THE gold price The spot continued its rise this Wednesday, when it exceeded the threshold of $4,500 per ounce for the first time in its history, poised to close out its best year since 1979 for this safe haven asset, with a cumulative revaluation of more than 70% in 2025.
The prospects of further interest rate cuts in the United States and persistent geopolitical instability has once again driven up the price of this raw material in cash up to a maximum of $4,525.96with an increase of 0.9% compared to yesterday’s closing data. So, the price of an ounce of gold accumulates so far this year a rebound of 72.5%.
In addition to gold, the price of silver notably accelerated its rise this Wednesday with an increase of 2.3% compared to the previous session, until reaching a new record of $72,750 per ounce. In 2025, the price of silver will increase by 149%. In contrast, platinum futures rose 4.7% before opening in Europereaching an intraday high of $2,394.75. The metal’s revaluation so far this year is therefore around 163%.
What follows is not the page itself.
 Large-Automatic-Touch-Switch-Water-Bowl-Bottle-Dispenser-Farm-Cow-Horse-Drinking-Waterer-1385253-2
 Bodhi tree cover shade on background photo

The different uses given to the two metals also affect their price. Half of the demand for gold It comes from investments (bullion, coins and exchange-traded funds) and demand from central banks, while only a sixth of the money is intended for investment purposes. Gold also plays a larger role for jewelry (over 40%) than silver (over 20% if combined with silverware).
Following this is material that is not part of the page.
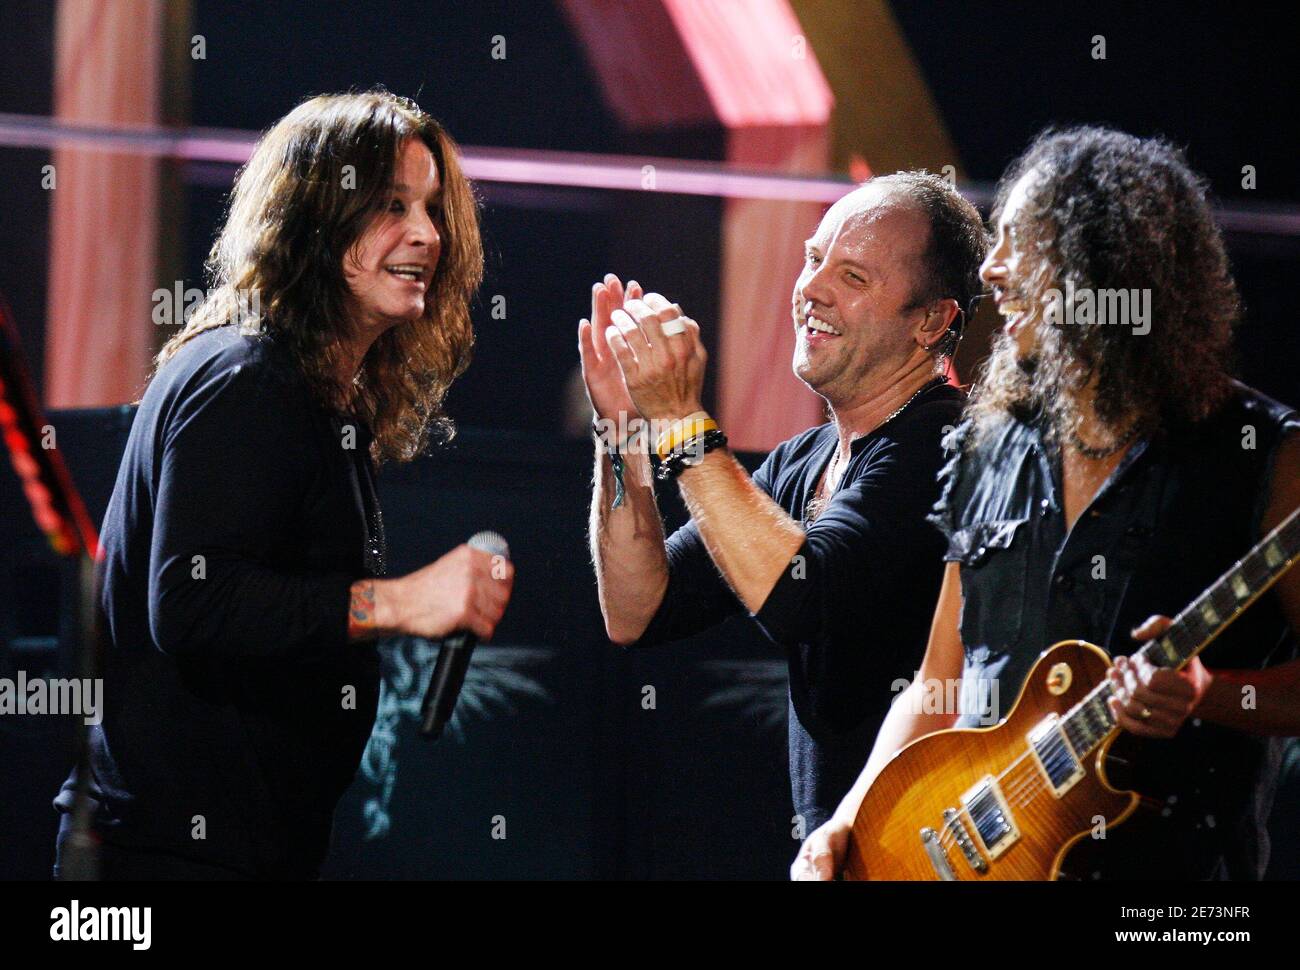 Lars Ulrich (C) and Kirk Hammett (R) of the band Metallica smile after  performing with Ozzy Osbourne (L) during the second of two 25th Anniversary  Rock & Roll Hall of Fame concerts

On the other hand, the industrial use of gold is rare (less than 10%), while most of the money is used in this sector (around 60%), with electrical and electronic applications as well as photovoltaic energy being the most important areas. Thus, the price of silver is more tied to the global economic cycle, making it more prone to corrections if the global economy slows down.
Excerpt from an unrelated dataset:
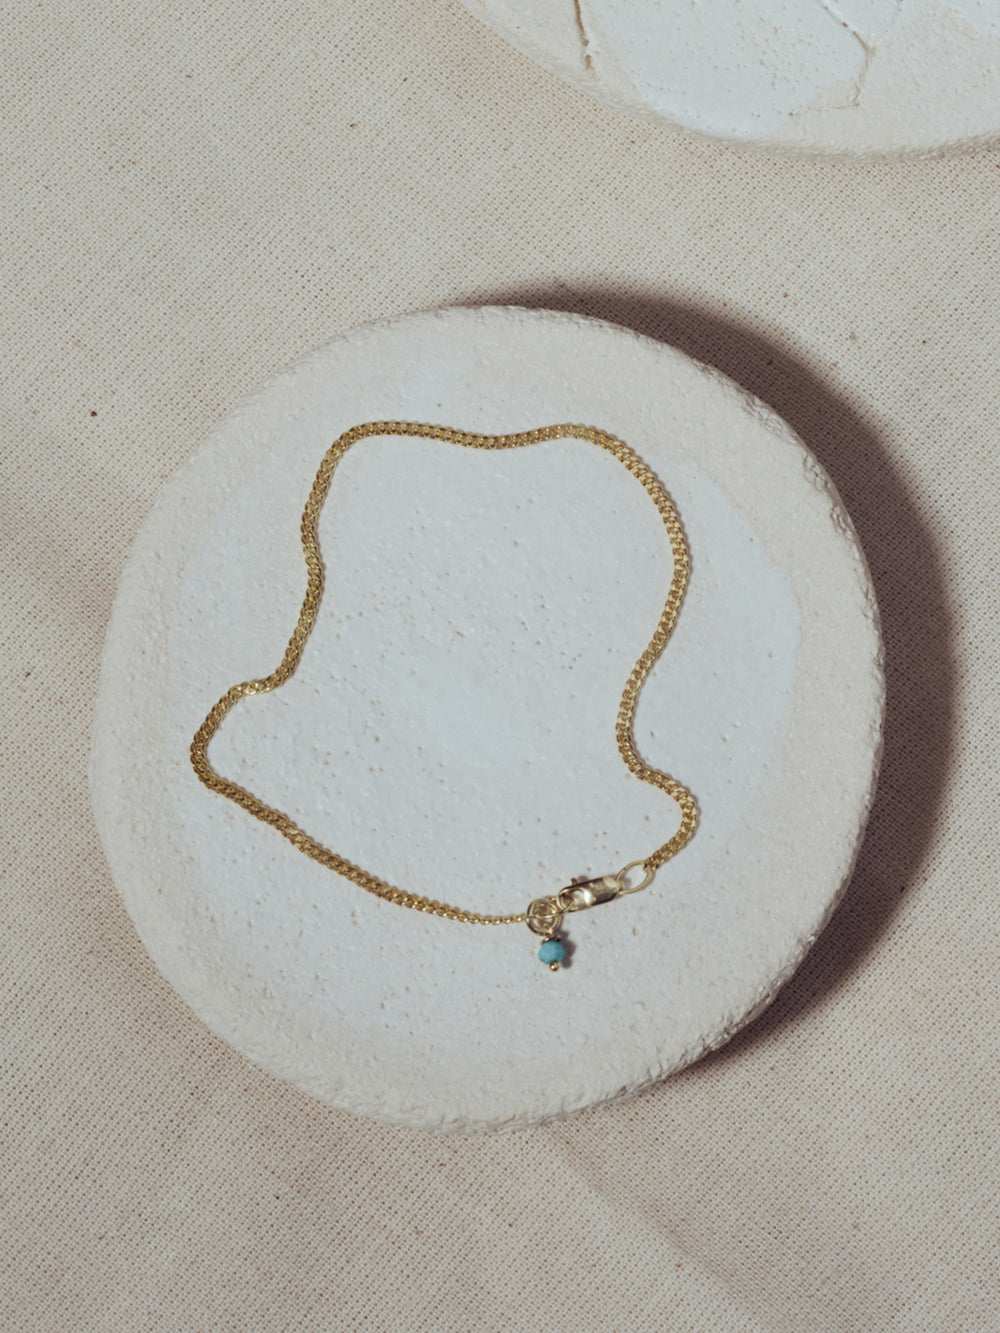 Birthstone December - Turquoise | 14K Solid Gold

In addition to gold purchases by central banks, the prospect of a further rate cuts from the Fed in 2026especially after the November inflation data of 2.7% was much better than expected, lowers the price of the dollar against major currencies, making it cheaper for non-U.S. investors to buy gold.
The market sees in this metal a way to avoid sovereign debts and currencies and thus guard against growing budget deficitswhile massive purchases by central banks are also pushing up its price. From Goldman Sachs, they affirm that they will maintain the buying fever, pushed by the central banks.